Accelerating Graph Machine Learning using Auto-tuned Sparse Primitives for GPU

SpMM

Code-generator

CUDA

GPU

PyTorch

C++

LibTorch

Autotuner

Course Project

Collaboration

Developed a GPU-compatible auto-tuner for a sparse-dense matrix multiplication (SpMM) library, enabling GPU execution of its kernels.

Published

April 2023

Note

Graduate Course Project

Graduate Coursework E-536: Introduction to Intelligent Systems
Faculty: Dr. Ariful Azad
Indiana University Bloomington, Spring 2023

Slides

Background

Sparse-dense matrix multiplication (SpMM) is a fundamental operation that underlies a wide range of scientific, machine learning, and graph-processing workloads. Its performance becomes especially critical as datasets grow larger and applications demand real-time or near–real-time computation. While existing SpMM libraries provide strong performance on CPUs, they generally lack robust support for GPU execution, particularly in areas such as auto-tuning and specialized sparse kernel optimization. This gap limits the ability of developers and researchers to fully exploit modern GPU architectures for high-throughput sparse computation.

Methodology

To address this limitation, we extended a generic SpMM library with a GPU-compatible auto-tuner designed to optimize sparse-dense kernel performance on contemporary GPU hardware. Our methodology involved adapting the library’s kernel-selection mechanisms to operate efficiently on GPUs, implementing GPU-specific tuning strategies, and ensuring compatibility with CUDA-based execution paths.
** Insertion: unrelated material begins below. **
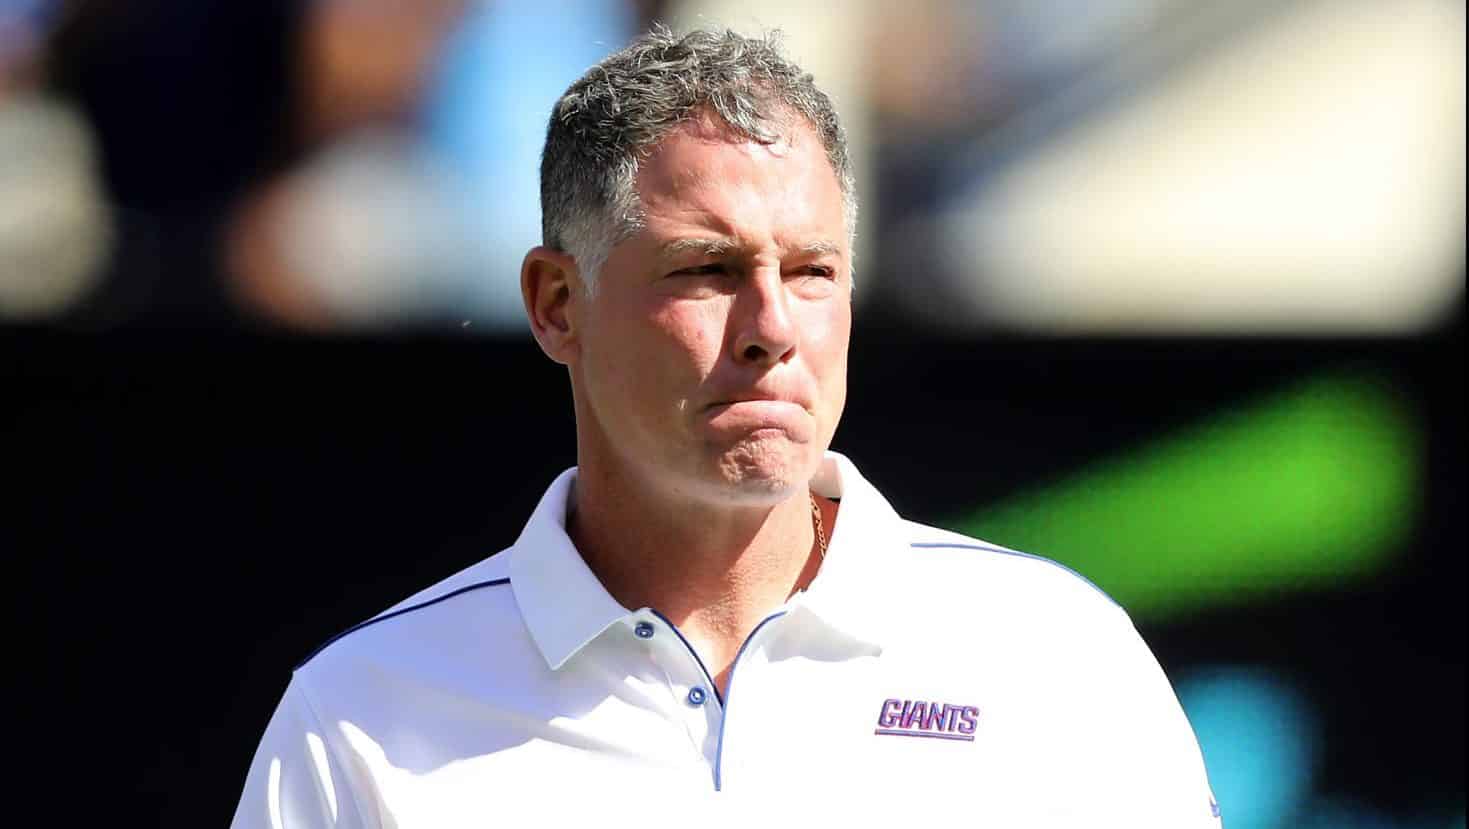 EAST RUTHERFORD, NEW JERSEY - SEPTEMBER 29: Head coach Pat Shurmur of the New York Giants walks on the field during warm ups before the game against the Washington Redskins at MetLife Stadium on September 29, 2019 in East Rutherford, New Jersey.
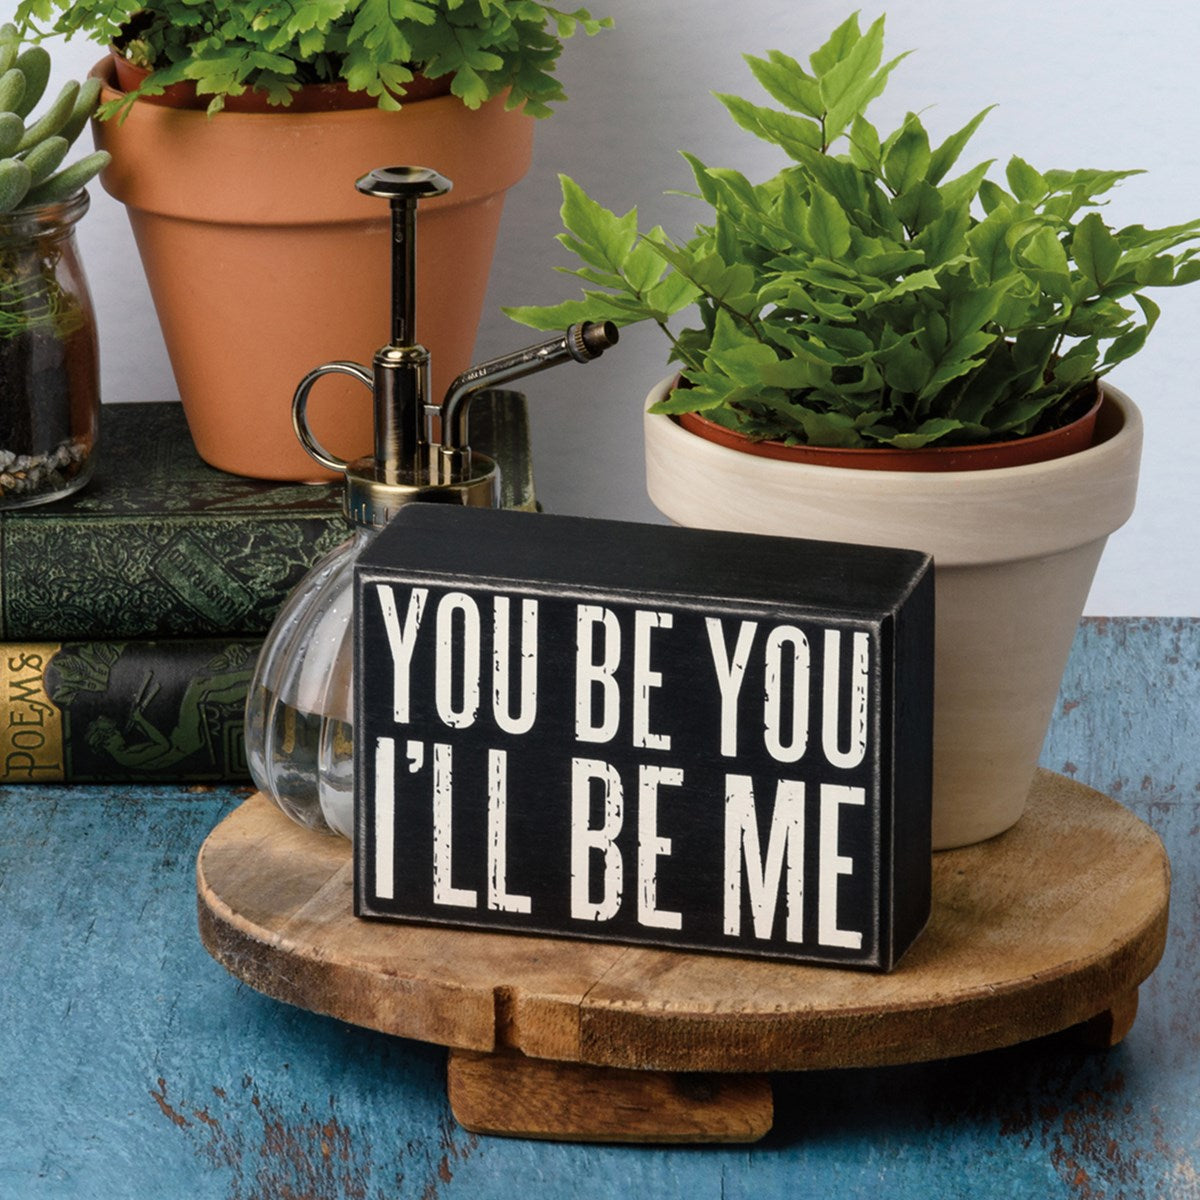 Box Sign - "You Be You, I'll Be Me"

The auto-tuner systematically benchmarks alternative kernel configurations—including thread-block layouts, memory-access patterns, and sparsity-aware execution modes—and selects the optimal configuration for a given input matrix. Throughout this process, we prioritized generality so the tuner could accommodate a wide range of sparsity patterns and workload characteristics.

Findings

The resulting GPU-enabled auto-tuner successfully expanded the library’s capabilities, allowing its sparse-dense kernels to run efficiently on modern GPU architectures. While this work represents an initial step rather than a complete overhaul of GPU-based sparse optimization, it establishes the essential infrastructure needed to explore more advanced GPU-specific techniques. By enabling auto-tuning on GPUs, the project opens a pathway for future performance improvements and broader adoption of GPU resources in applications that depend on fast and scalable SpMM operations.